You need to deploy a model in an environment where the prediction latency budget is only 5ms. What trade-offs would you consider?
You need to deploy a model in an environment where the prediction latency budget is only 5ms. What trade-offs would you consider?
Five milliseconds is tight. That is roughly the time for a single database round-trip, so every architectural decision matters.
- Model choice is constrained. Deep ensembles with hundreds of trees are out. I would look at logistic regression, small gradient boosting models (under 50 trees, shallow depth), or even a precomputed lookup table if the feature space is discrete and bounded. A single decision tree with depth 6 can serve in microseconds.
- Feature computation budget. If features require any I/O (database lookups, external API calls), that will blow the 5ms budget immediately. All features must either be precomputed and cached in memory, or computable from the request payload alone.
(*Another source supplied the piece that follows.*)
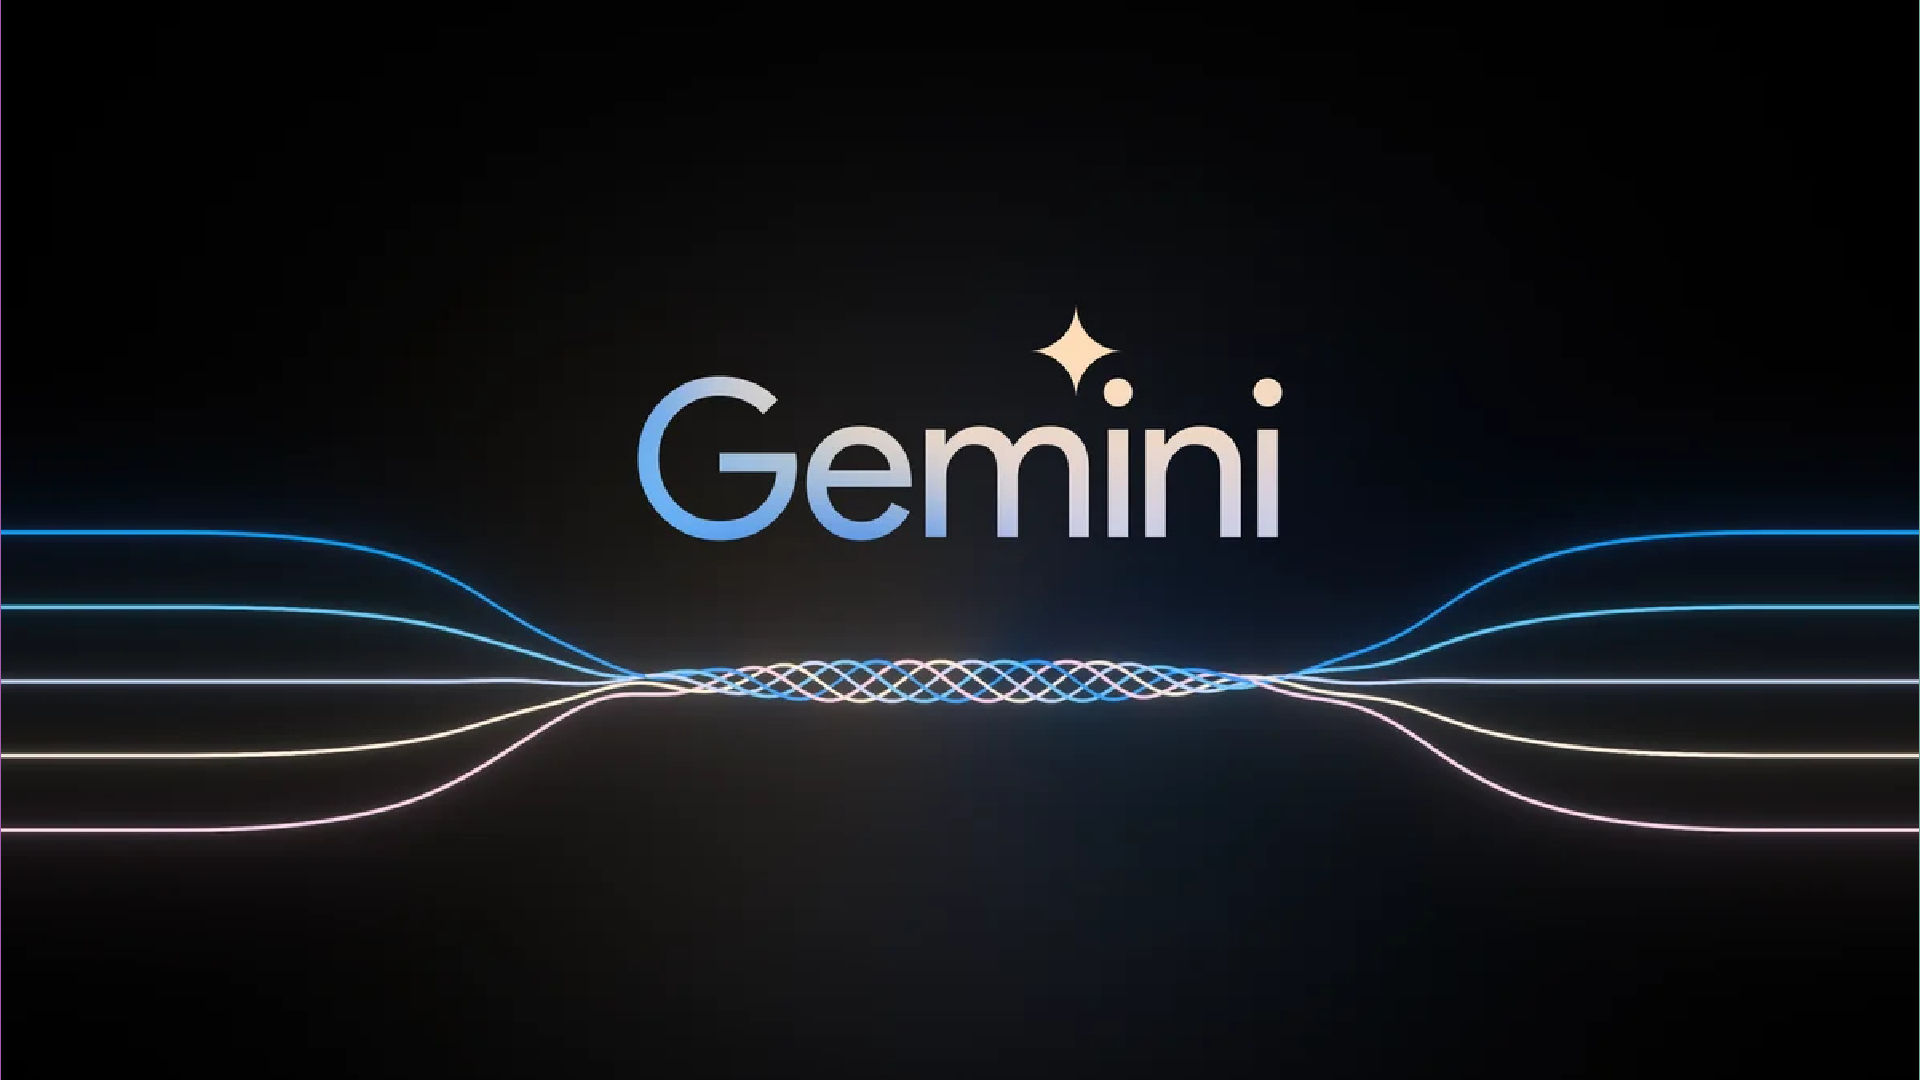 Google Gemini Features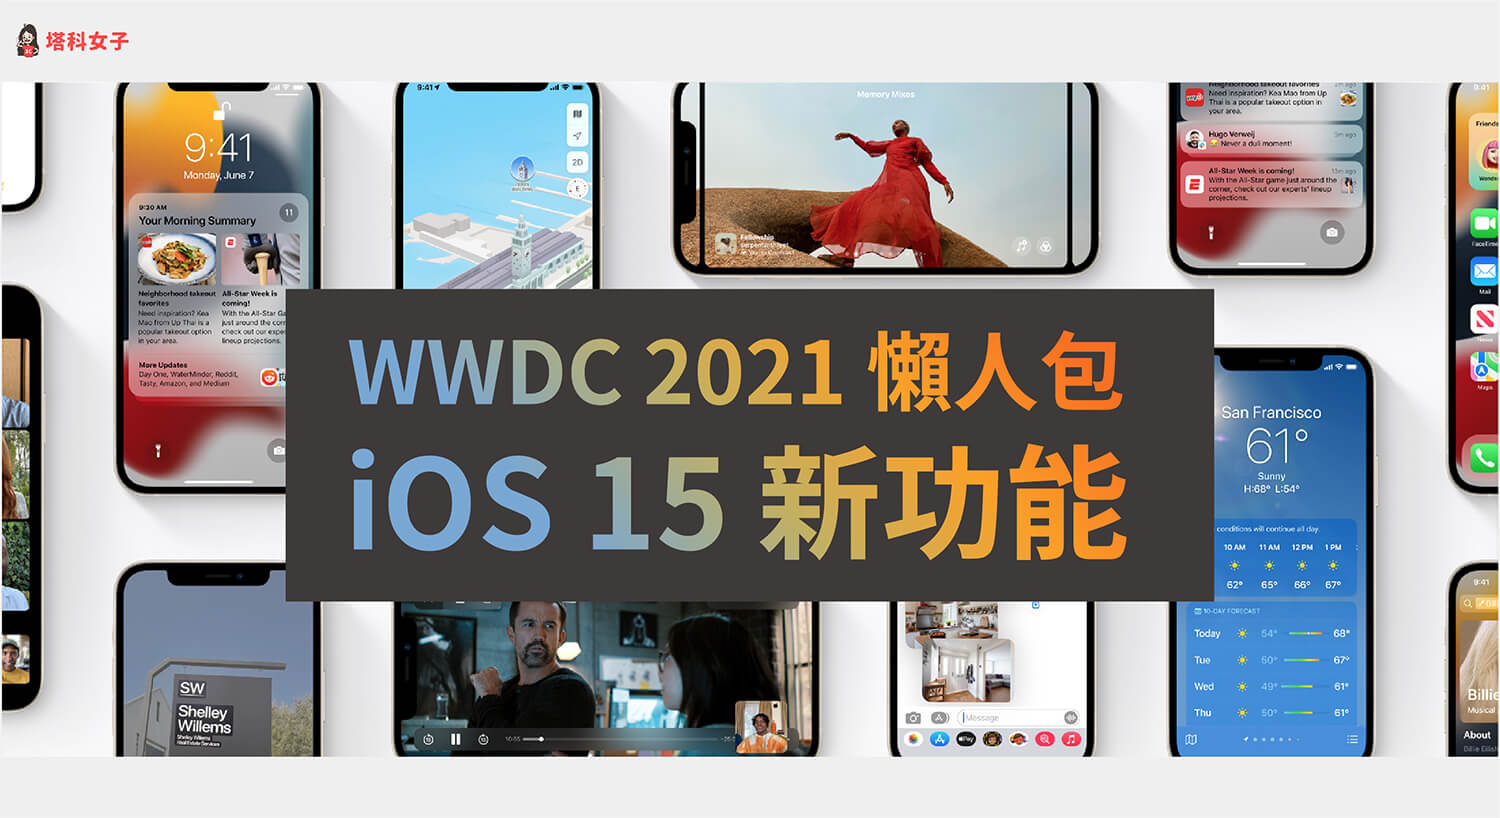 蘋果 WWDC 2021 / iOS 15 新功能：SharePlay、Live Text 圖片辨識、通知概覽、專注模式 - 2021 WWDC, Apple, iOS 15, iOS 15 新功能, iOS15, WWDC - 塔科女子

- Model distillation. Train a complex model offline (XGBoost with 1000 trees), then use it to label a large dataset. Train a simple model (logistic regression) on those labels. The simple model learns to mimic the complex model and can serve in under 1ms. You lose some accuracy but gain massive latency improvement.
- ONNX or compiled models. Convert the sklearn model to ONNX format and serve with ONNX Runtime. This eliminates Python’s interpreter overhead and can give 2-5x speedup. For extreme cases, compile the model to C code using tools like sklearn-onnx or treelite.
- Avoid Python’s GIL bottleneck. If you are serving many concurrent requests in Python, the Global Interpreter Lock serializes CPU-bound work. Consider a Rust or C++ serving layer, or use multiprocess workers instead of multithreaded ones.